Die Stahlstädter sahen sich am Montag sogar gezwungen, ihre Facebook-Seite für italienische IP-Adressen zu sperren. „Das ist eine Notmaßnahme“, bezieht sich BWL-Sprecher Klaus Führer bei LAOLA1 auf eine Flut an aggressiven Kommentaren in den sozialen Medien.

Ein Phänomen, das für Eishockey ungewöhnlich ist, sich zuletzt aber hochschaukelte.

Die Entstaubung einer unschönen Floskel

„Wir brennen eure Stadt nieder!“ Das und anderweitiger Müll hatten zuletzt „Fans“ auf die Linzer Facebookseite gepostet.

„Nach Spiel eins sind wir vier Stunden gesessen, um alle anstößigen Kommentare zu löschen“, berichtet Führer, der betont, dass dies freilich auch im umgekehrten Fall auftrete, sprich: Linzer Anhänger Schwachsinn in Richtung der Bozener ablassen. „Idioten gibt es überall“, bemüht er eine leider viel zu häufig gebrauchte Floskel.

Eine, die aber zumindest im Eishockey noch eher selten gebraucht wurde. Die Stimmung auf den Rängen in den Eis-Hallen gilt schließlich gemeinhin als friedliches Miteinander. Woher kommt diese Fan-Problematik nun so plötzlich?

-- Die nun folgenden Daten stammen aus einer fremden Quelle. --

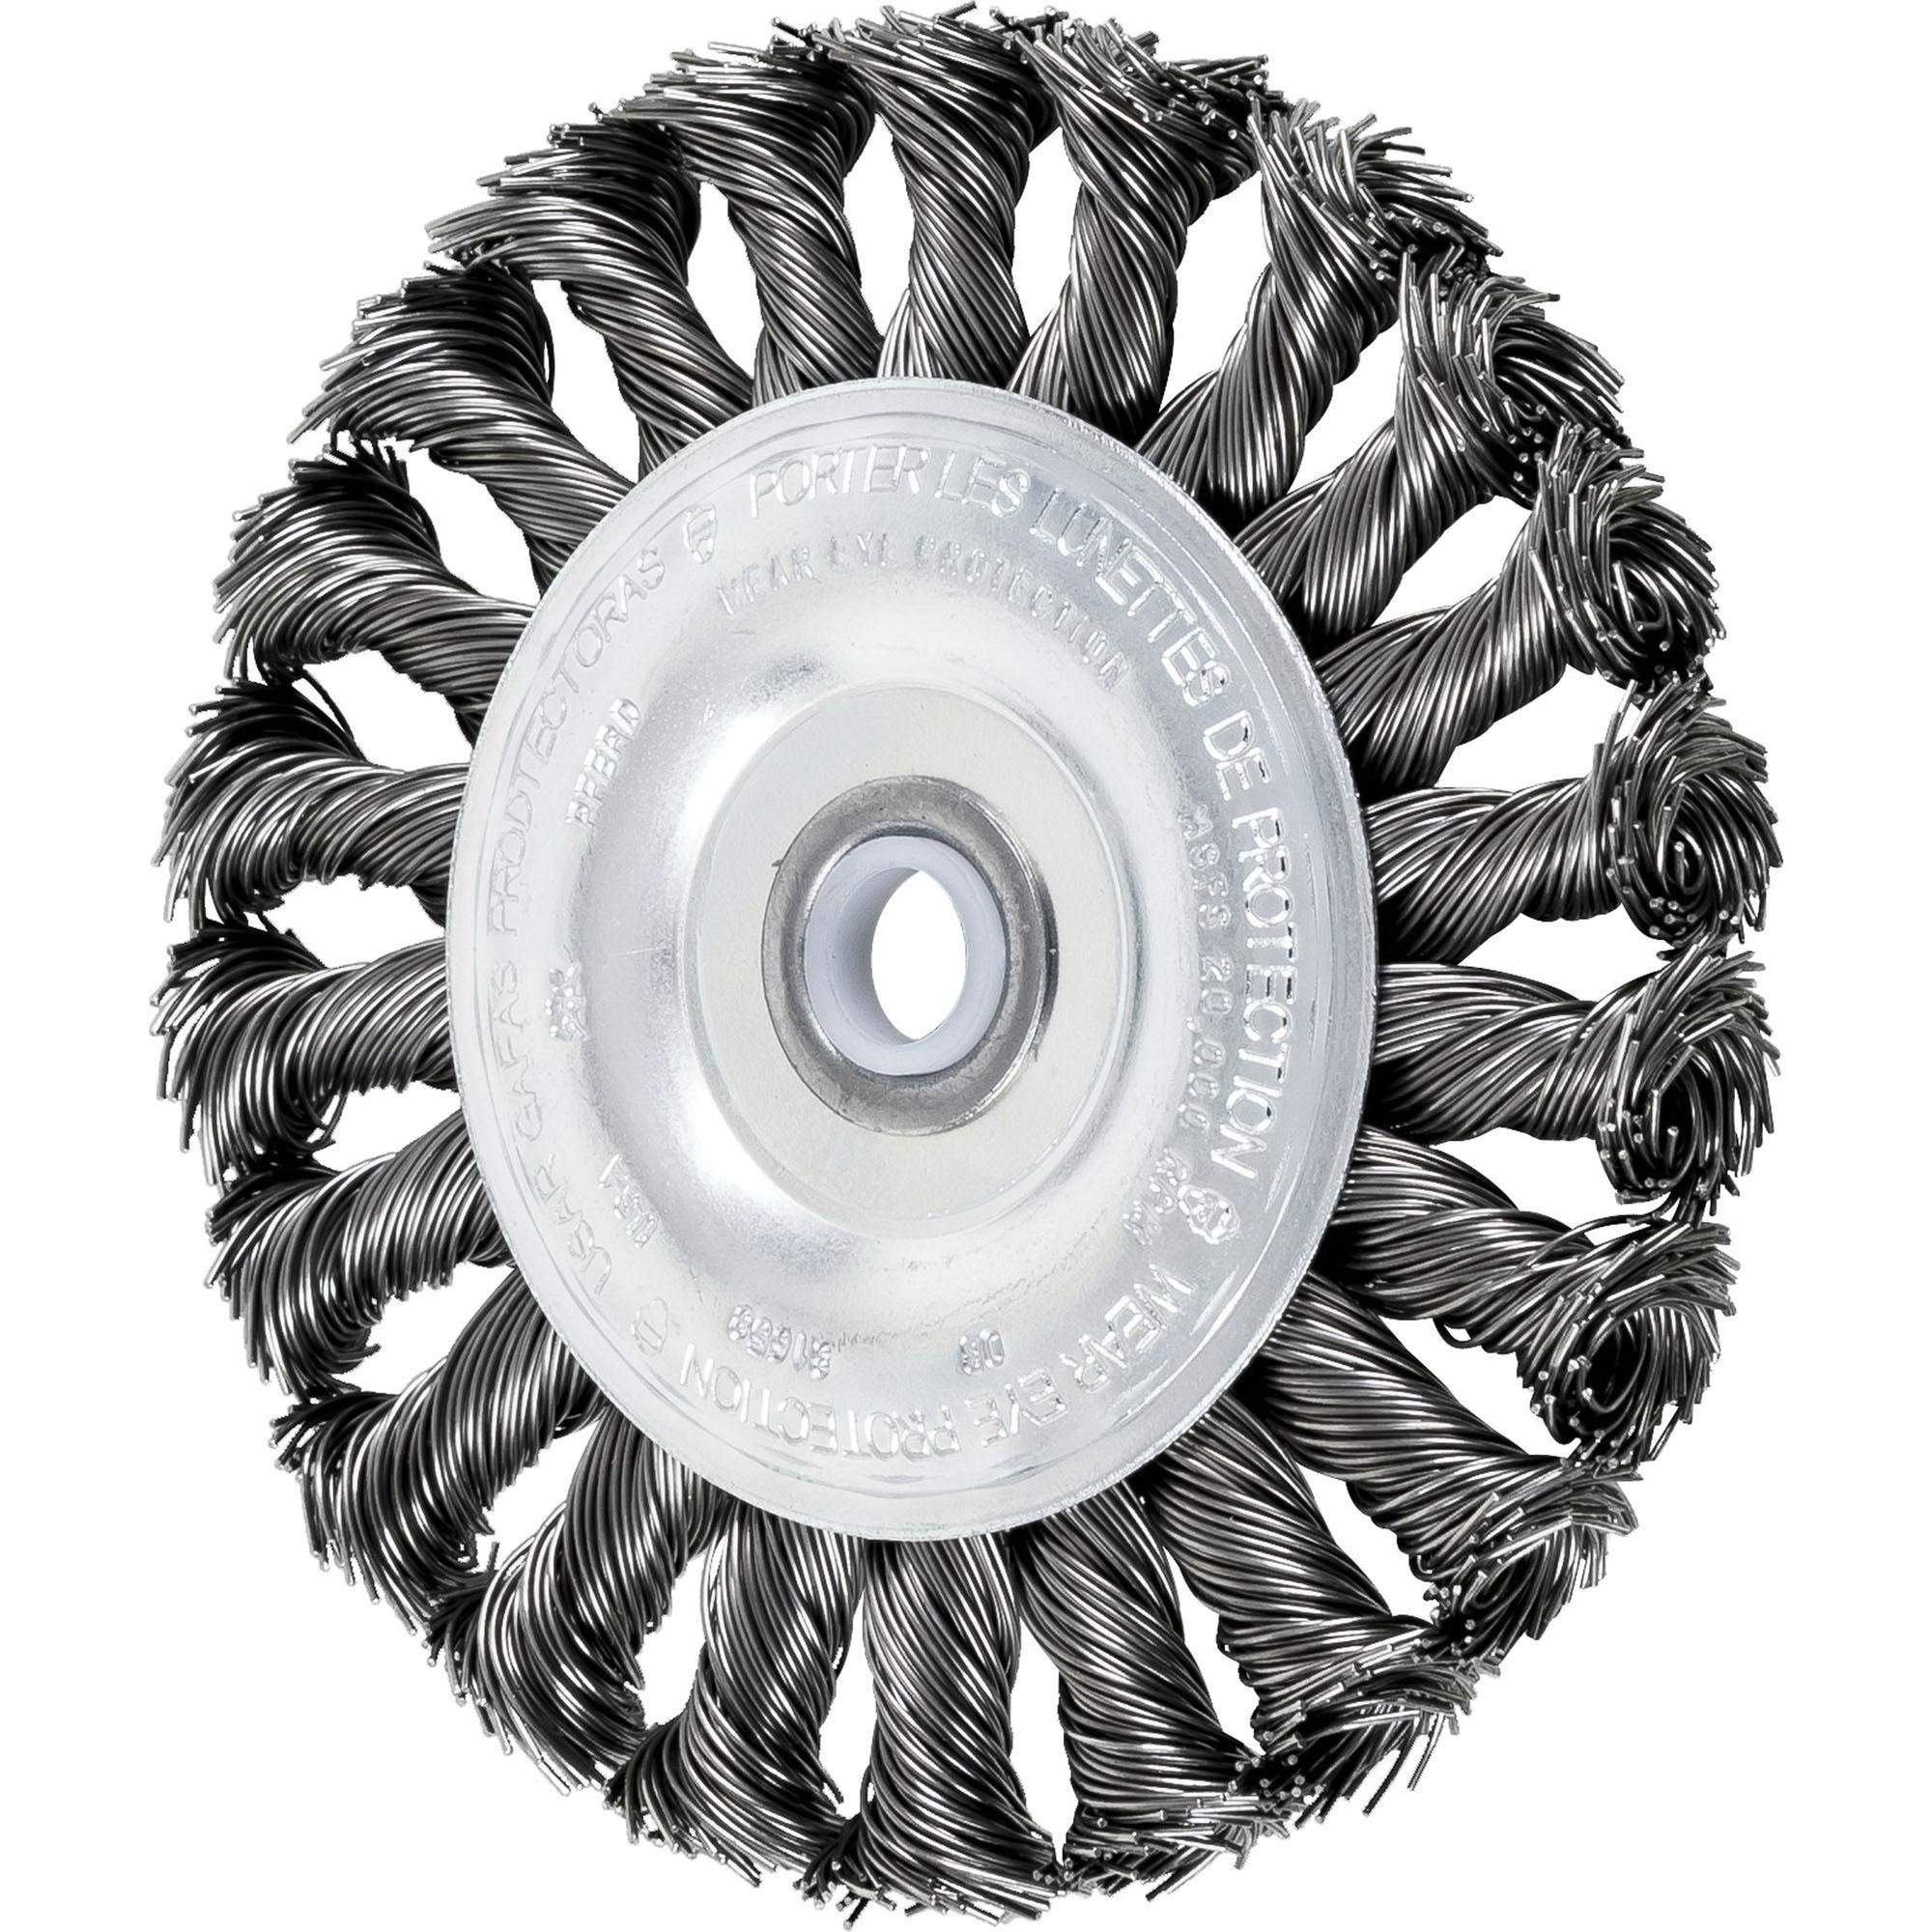 PFERD 763926 Carbon Steel Knot Wire Standard Twist Wheel Brush, 4 in Dia, 1/2 in, 20000 rpm

Führer ortet mehre Gründe. Zum einen seien die Bozener Fans – 7.000 bedeuteten am Sonntag neuen Klub-Rekord – enorm enthusiastisch. „Zum anderen legen sie Entscheidungen, die vielleicht gefühlt gegen sie sind, gerne als Benachteiligung aus, weil sie nicht wie der Großteil der Liga ein österreichischer Klub sind.“

 
Der Frust entlud sich neben sinnfreien Facebook-Kommentaren auch im Werfen von Gegenständen auf das Eis. So musste Spiel fünf am Sonntag kurz vor Ende sogar unterbrochen werden, um das Feld wieder spieltauglich zu machen.

Pfiffe für Pfeifen

Da bekanntlich immer zwei dazugehören, trugen Auseinandersetzungen unter den Fans das Ihre zur aufgeheizten Stimmung bei. Auf einen schwer alkoholisierten Linzer Fan in Spiel eins, der sogar gegen die Polizei gepöbelt haben soll, folgten Vorfälle auf dem Parkplatz vor der Eis-Halle.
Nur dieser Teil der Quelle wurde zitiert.